Additionally the board of directors of the company has approved the preferential allotment to promoters amounting to Rs 225 crore. These will be mainly used to repay the unsecured loans provided by promoters at the time of acquisition and a part may go towards business activities and general corporate purpose. . With this infusion as well as improved accruals, the net worth is expected to increase to healthy levels over next couple of fiscals and gearing is expected to fall to 0.5 times. The company also plans to refinance the existing debt in BBX at lower rates to reduce the borrowing costs. While the company is part of Essar Group, no financial support is expected from the company to group.
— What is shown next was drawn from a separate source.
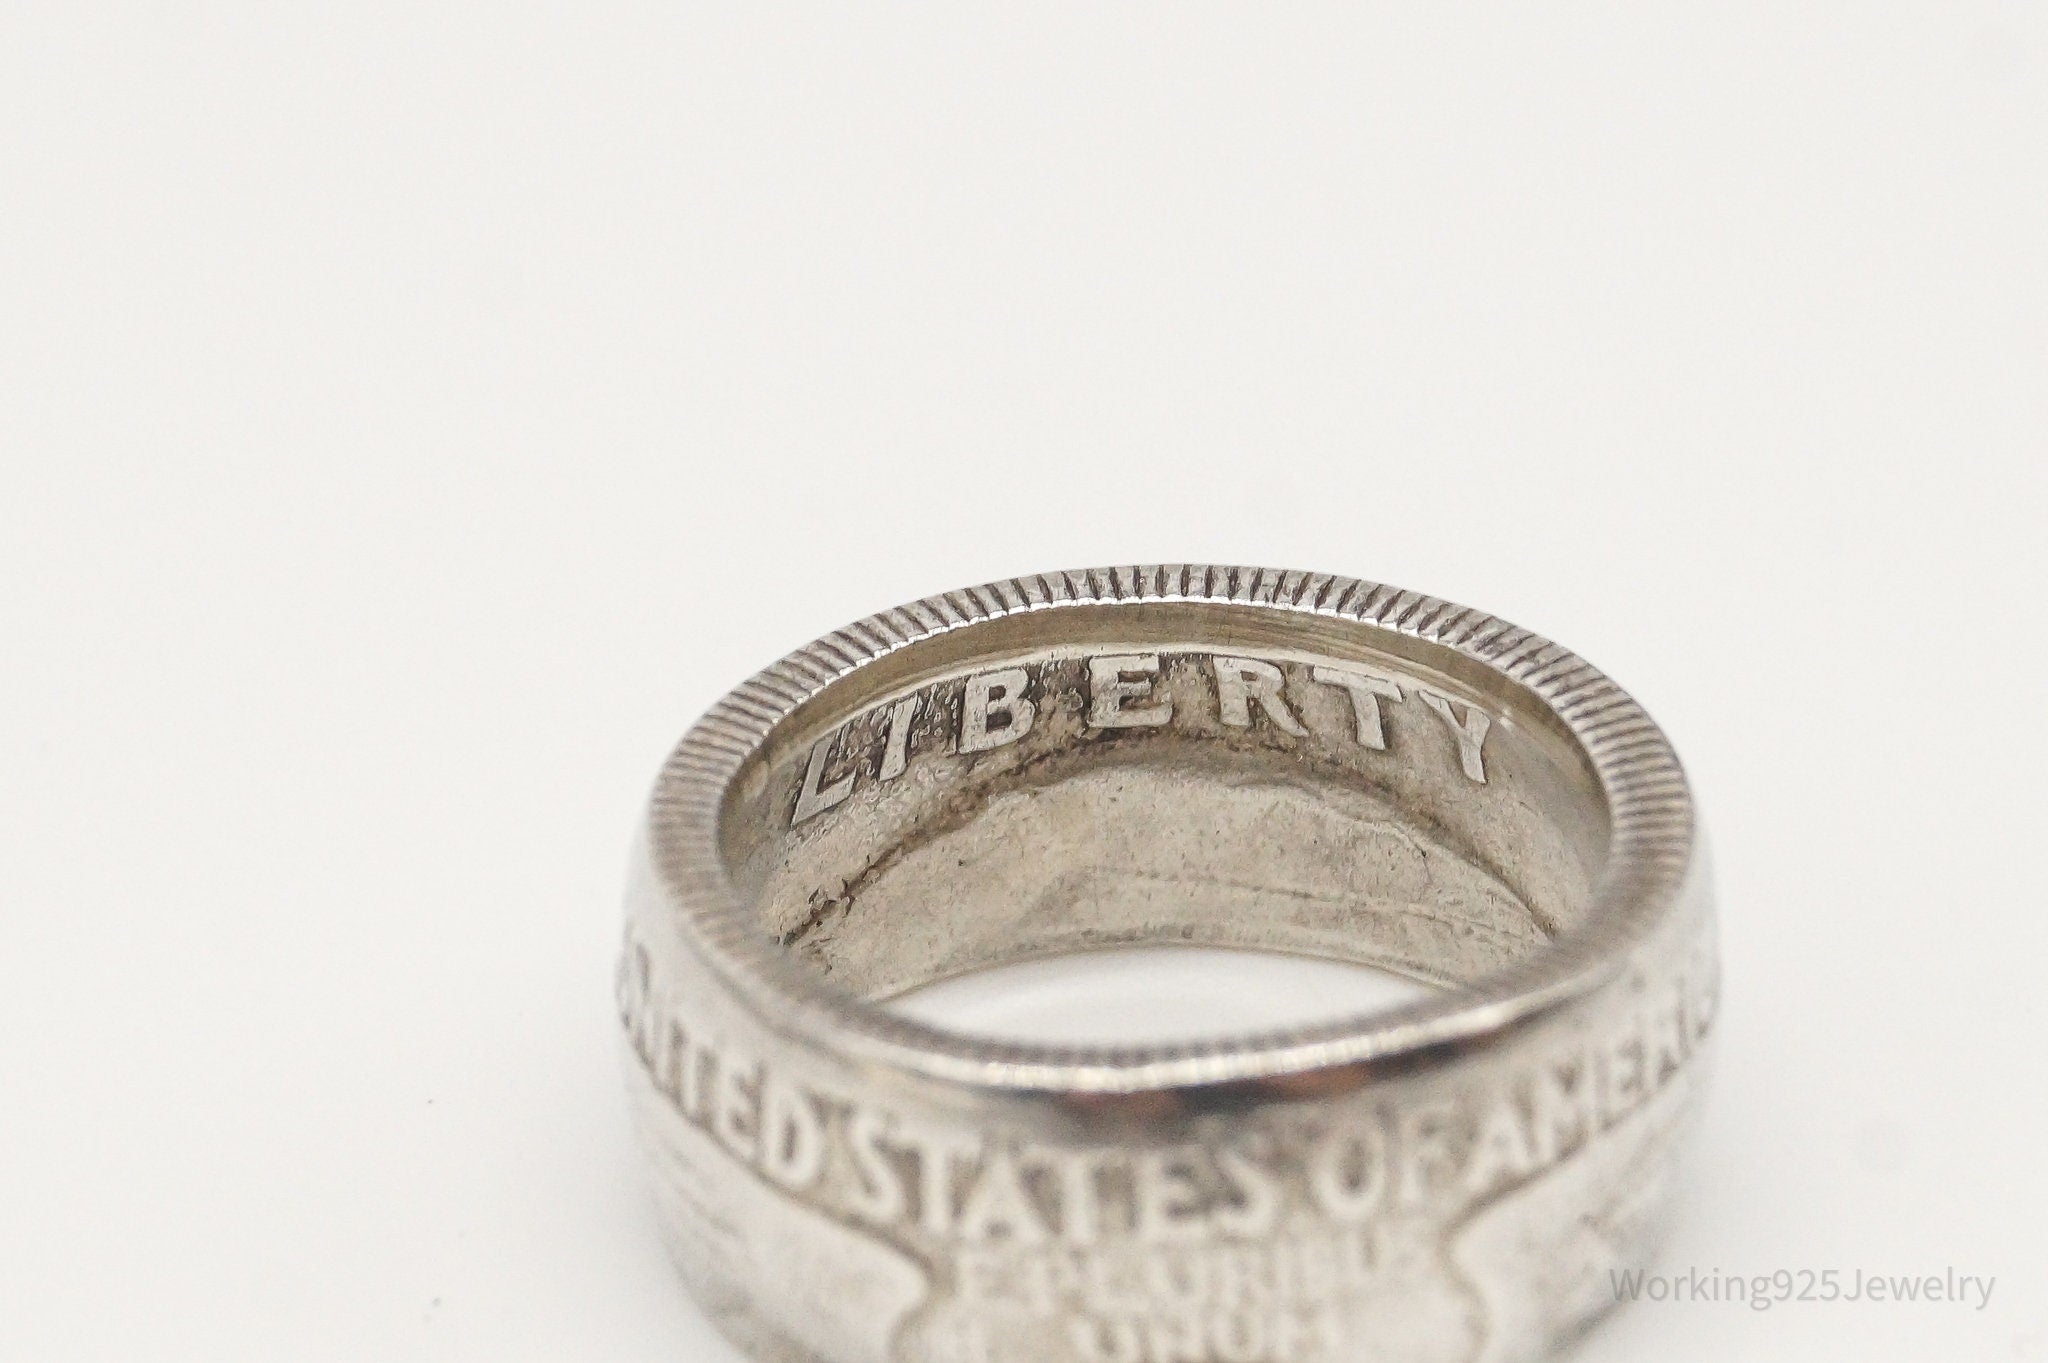 Vintage 1958 Washington Quarter Coin Silver Ring - Size 4.25

Any such support will remain a key monitorable. Also while the utilization of fund based limits at India level was relatively higher, the same is gradually coming down and is expected to come down significantly over next one year.

 

  • High geographical concentration in revenue and exposure to global competition:

Similar to other players in the IT services industry, AGC, at consolidated level, draws bulk of its revenue from the US (76%) and Europe (9%) in fiscal 2020. This exposes the company to the risk of economic slowdown in these regions, as well as regulatory changes. Also with rapid evolution of the global IT-enabled services sector, competition is intensifying as more companies vie for a share of the outsourcing pie. The company has to compete with multiple players in most of the verticals. The operating profitability over a longer term is expected to remain constrained as increasing competition curbs the hike in realisations. Availability of low-cost skilled talent also is a key variable in this industry.

Liquidity: Adequate

AGC had cash & equivalents of Rs 432 crore as on September 2020 (with majority of the same kept in BBX, USA as in proportion of business). The average utilization of fund based limits in India was high at ~95% for 12 months ended September 30, 2020, however the same is gradually reducing and stood at ~82% in November 2020. Most of the internal accruals in all subsidiaries including BBX can support cash requirements across all geographies including India. Annual cash accrual of over Rs 250-400 crore, expected over the medium term, will support the further debt repayments as well as the capex / acquisition plans of the company.

Outlook: Stable

CRISIL believes AGC's credit risk profile will continue to benefit from the cost optimization measures undertaken by the company, its healthy business risk profile, healthy liquidity levels and improving financial risk profile.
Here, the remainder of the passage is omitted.